EXERCISE AIM: Repeat word for word the opening stretch of the entries, from the first line through the line containing "le spa biguine".
────────────────
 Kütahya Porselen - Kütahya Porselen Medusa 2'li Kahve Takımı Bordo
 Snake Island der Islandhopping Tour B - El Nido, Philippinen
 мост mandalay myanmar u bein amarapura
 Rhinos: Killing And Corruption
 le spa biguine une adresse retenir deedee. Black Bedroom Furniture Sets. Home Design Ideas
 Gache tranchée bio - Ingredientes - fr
────────────────
RESPONSE TO THIS TASK:
 Kütahya Porselen - Kütahya Porselen Medusa 2'li Kahve Takımı Bordo
 Snake Island der Islandhopping Tour B - El Nido, Philippinen
 мост mandalay myanmar u bein amarapura
 Rhinos: Killing And Corruption
 le spa biguine une adresse retenir deedee. Black Bedroom Furniture Sets. Home Design Ideas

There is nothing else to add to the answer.